▸ PROBLEM TO SOLVE
Your task is to restate word for word the lines in the material below, from the one with "Mid-Century Modern Brass" up to and including the one with "Luggage delivery app". Do not carry over the pictures.

▸ DATA RECORDS
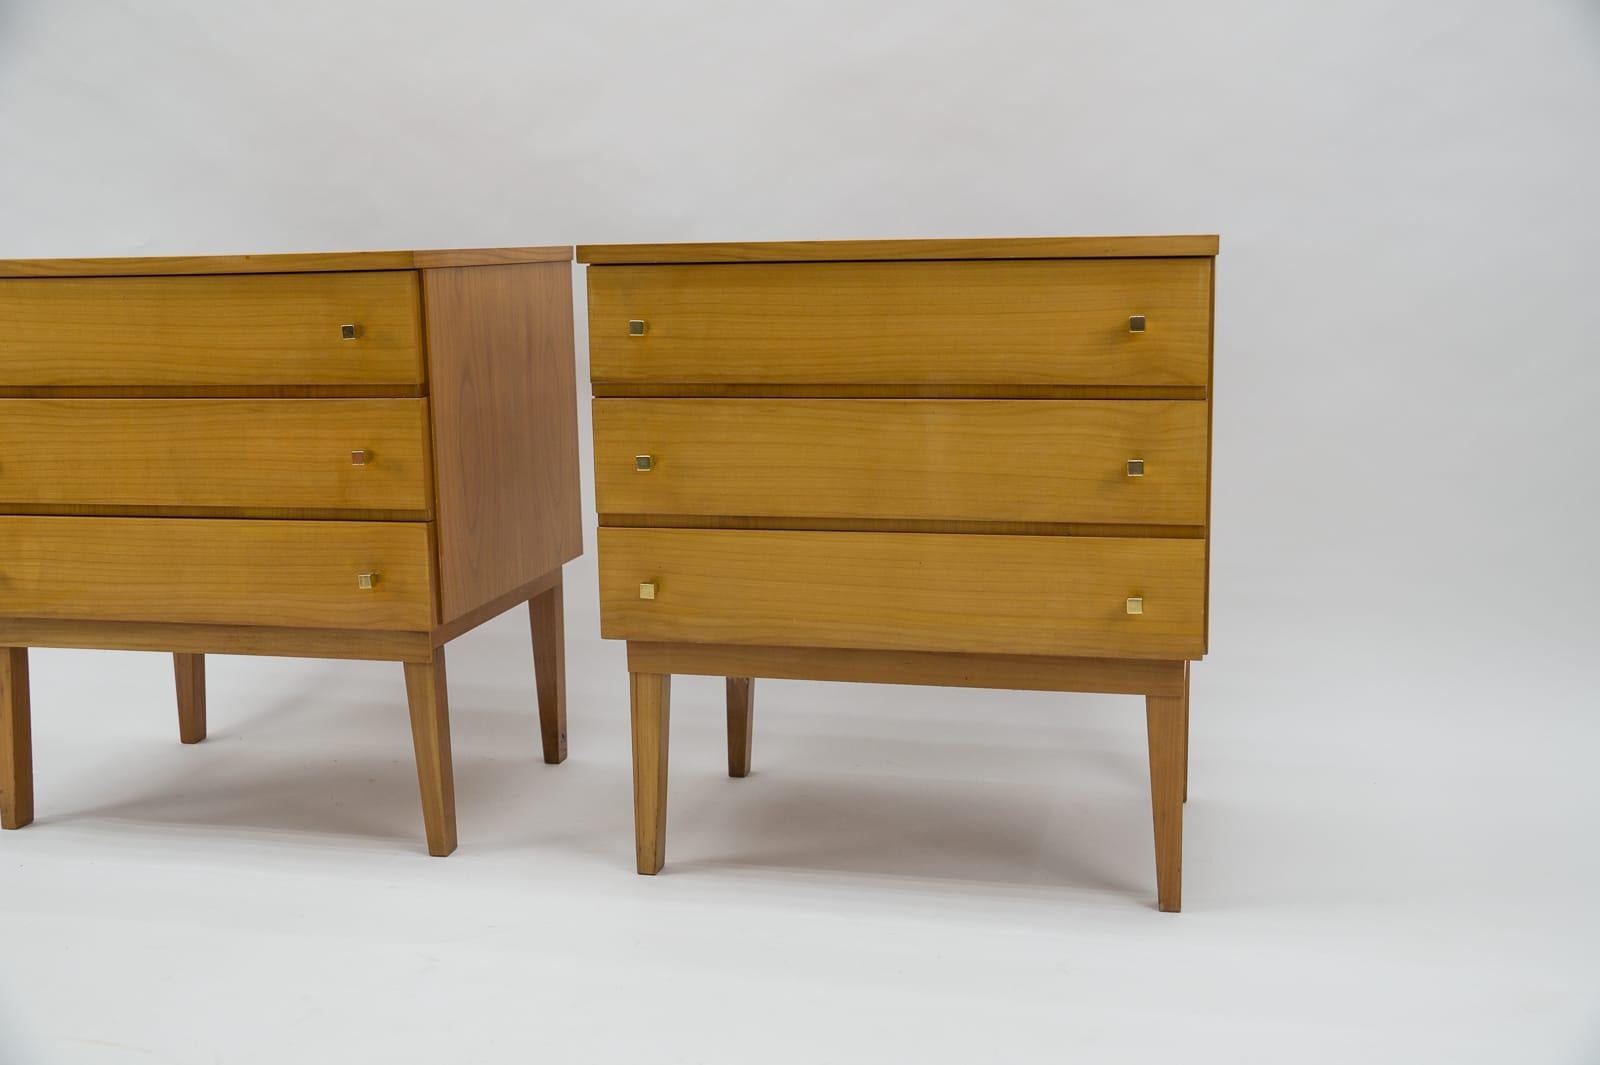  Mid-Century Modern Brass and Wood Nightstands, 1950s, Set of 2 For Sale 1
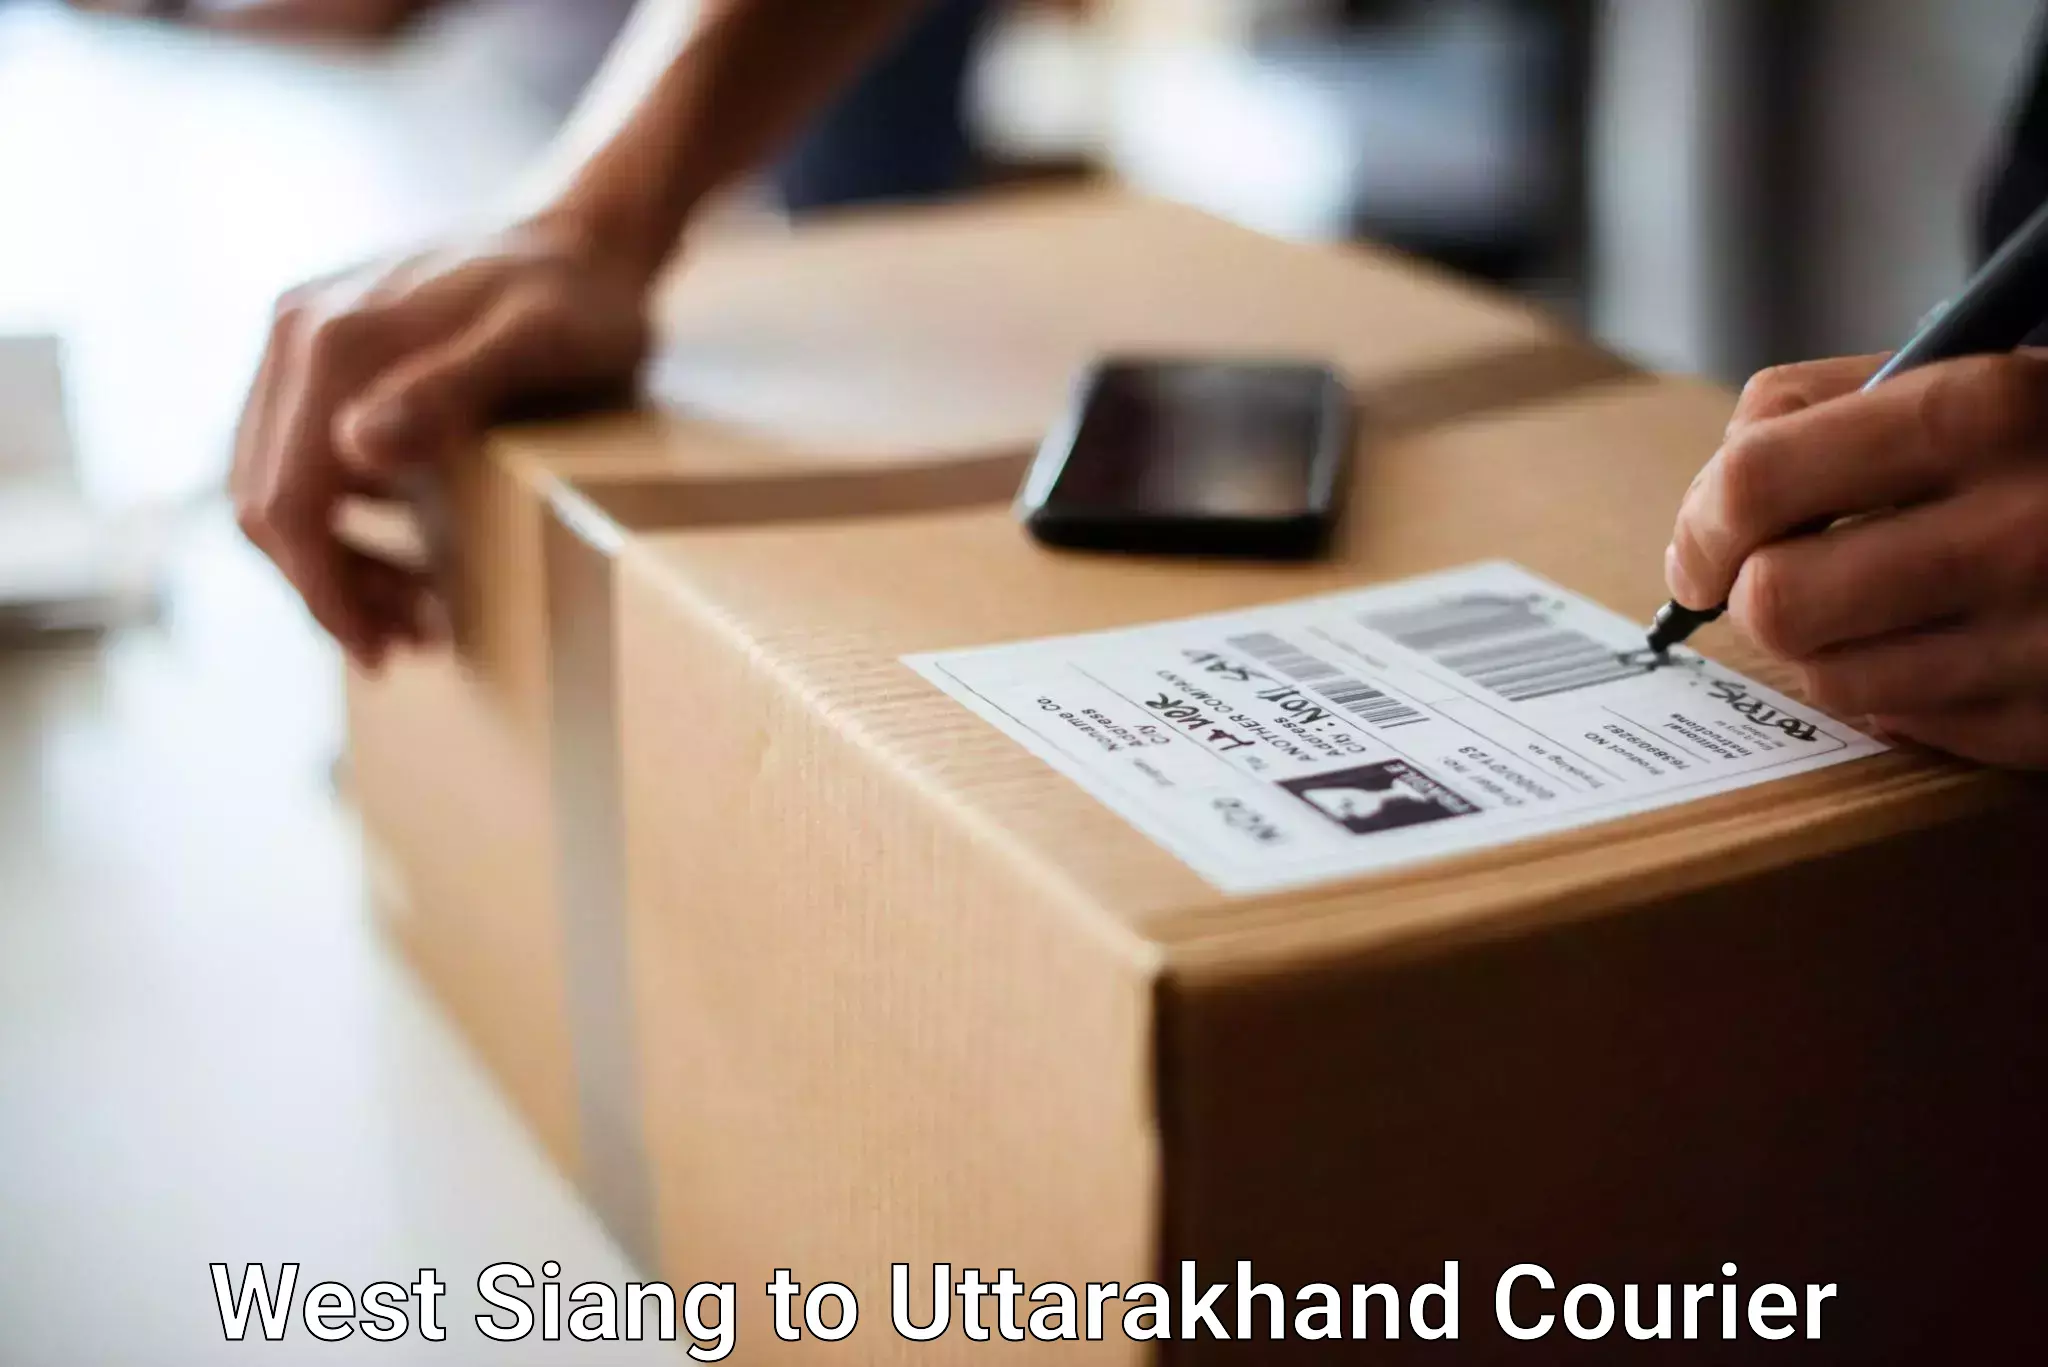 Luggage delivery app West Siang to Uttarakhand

...

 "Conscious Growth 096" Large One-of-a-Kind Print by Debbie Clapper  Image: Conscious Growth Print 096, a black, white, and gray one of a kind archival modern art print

▸ TASK RESPONSE
  Mid-Century Modern Brass and Wood Nightstands, 1950s, Set of 2 For Sale 1
 Luggage delivery app West Siang to Uttarakhand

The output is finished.